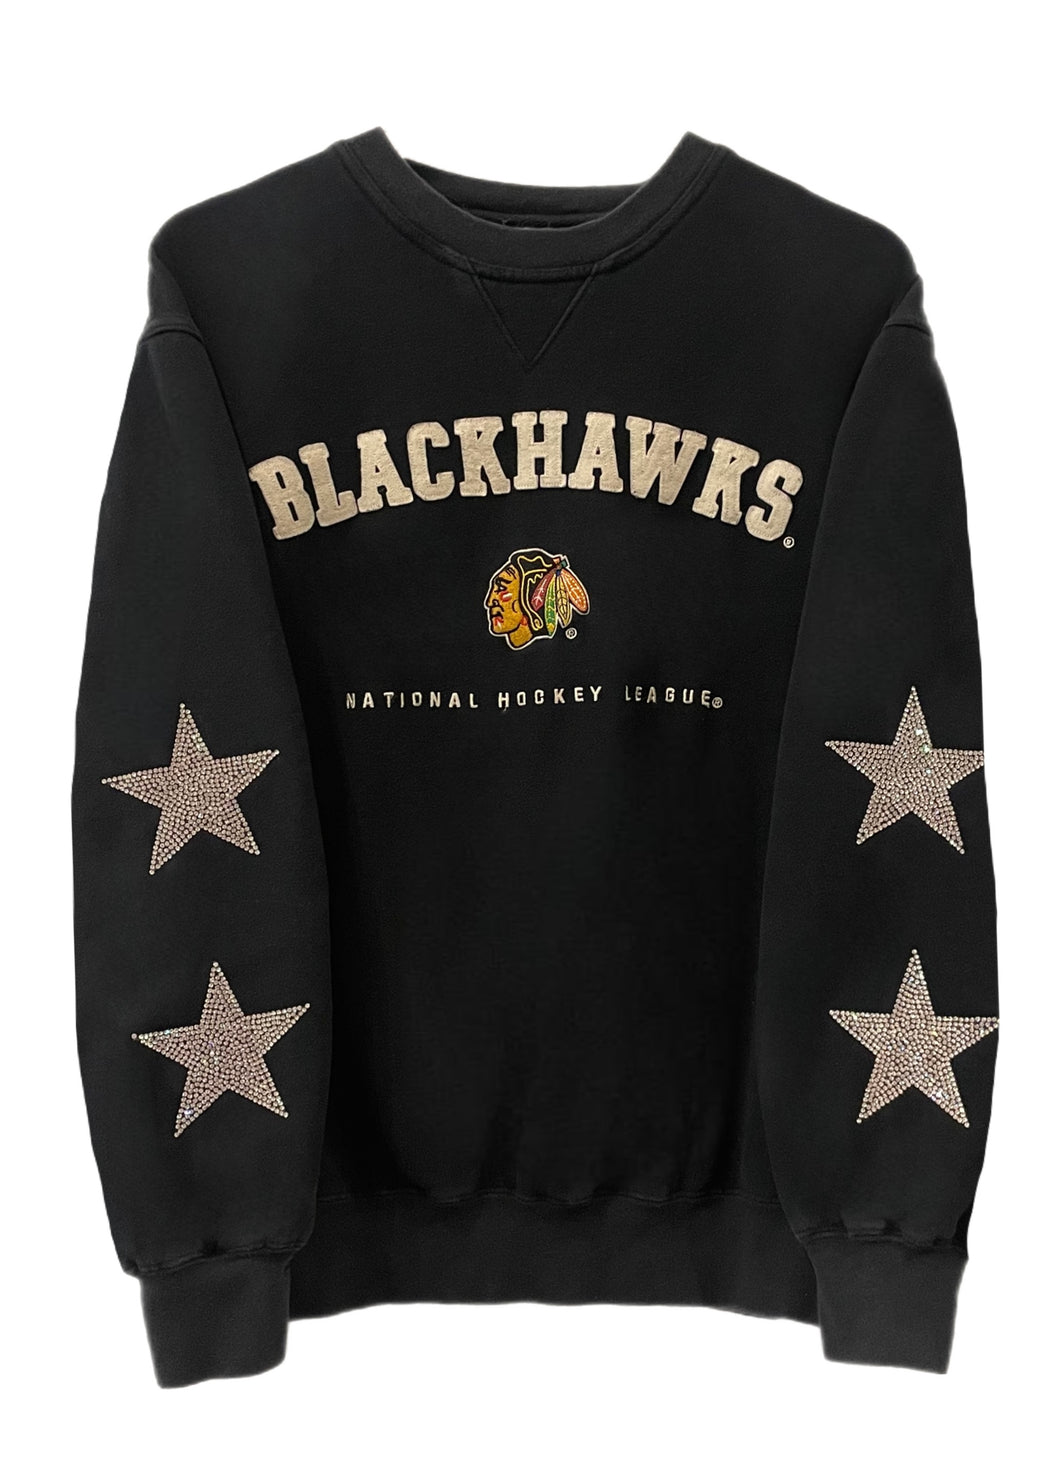 Chicago Blackhawks, NHL One of a KIND Vintage Sweatshirt with Crystal Star Design, Custom Name + Number
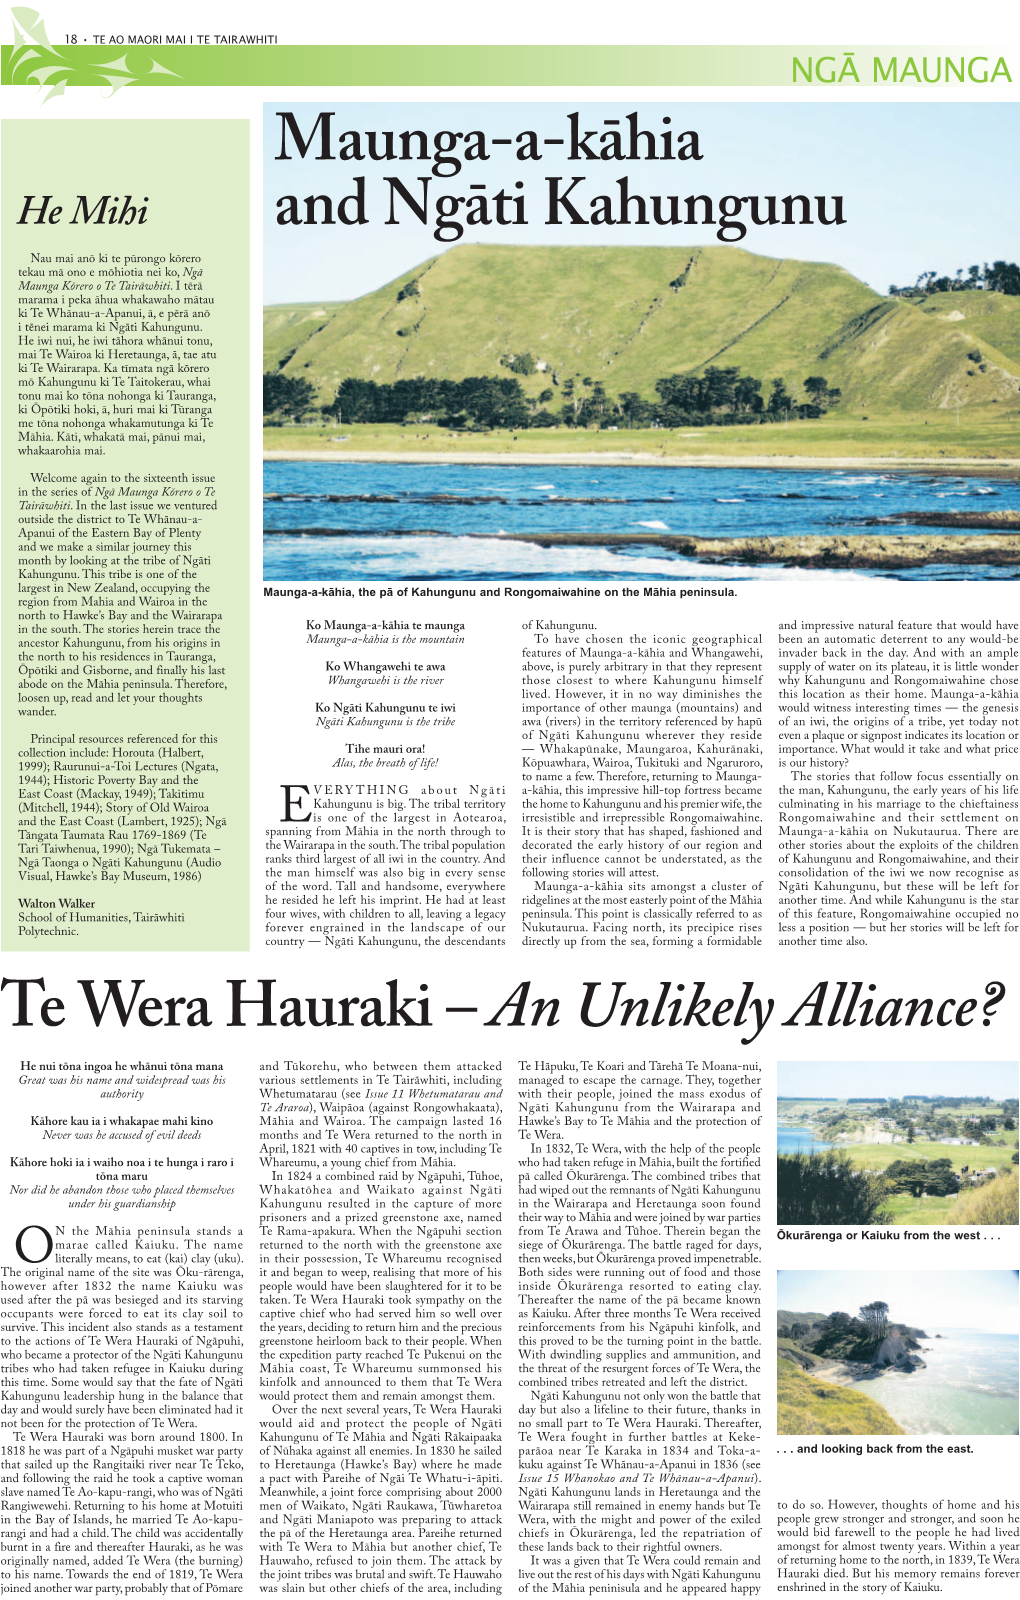 Te Wera Hauraki – an Unlikely Alliance?
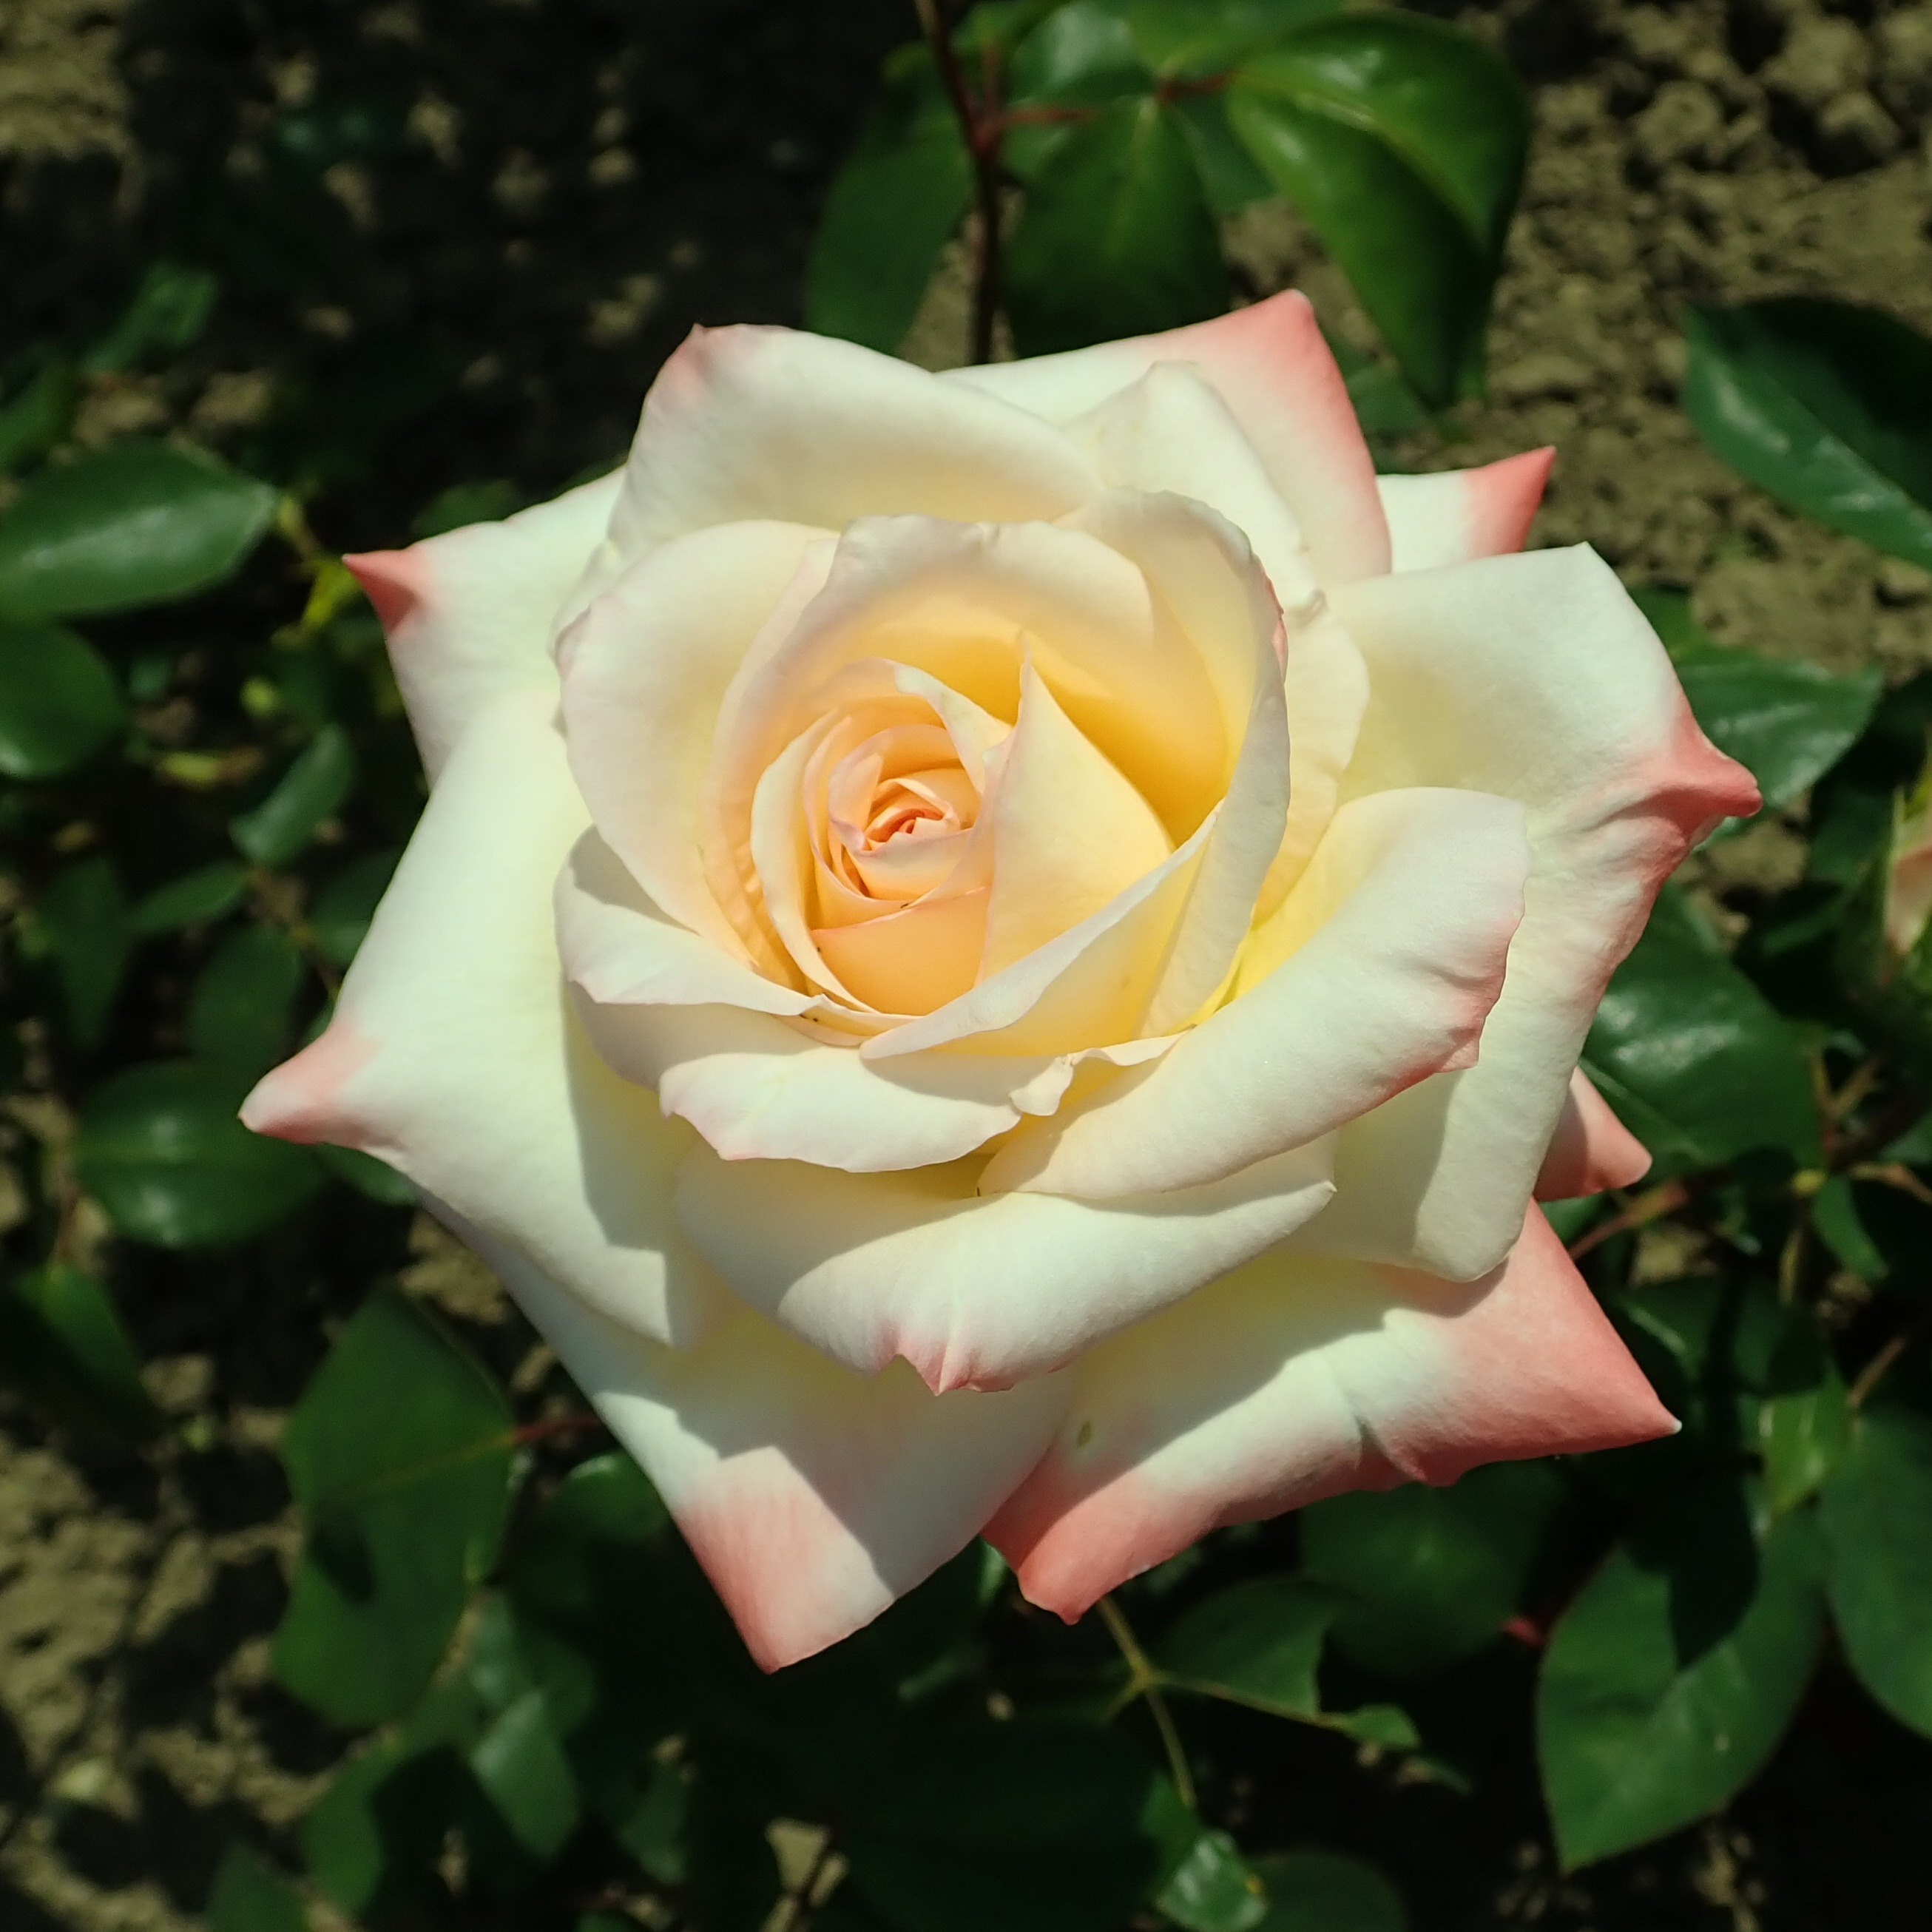 Hybrid tea rose - Wikipedia

Work task:
Nothing but the lines from the line with "Te Wera Hauraki – an Unlikely Alliance?" through the last line of the listing should be copied, exactly and with both ends kept. Leave pictures out.

Answer to this exercise:
 Te Wera Hauraki – an Unlikely Alliance?
 Hybrid tea rose - Wikipedia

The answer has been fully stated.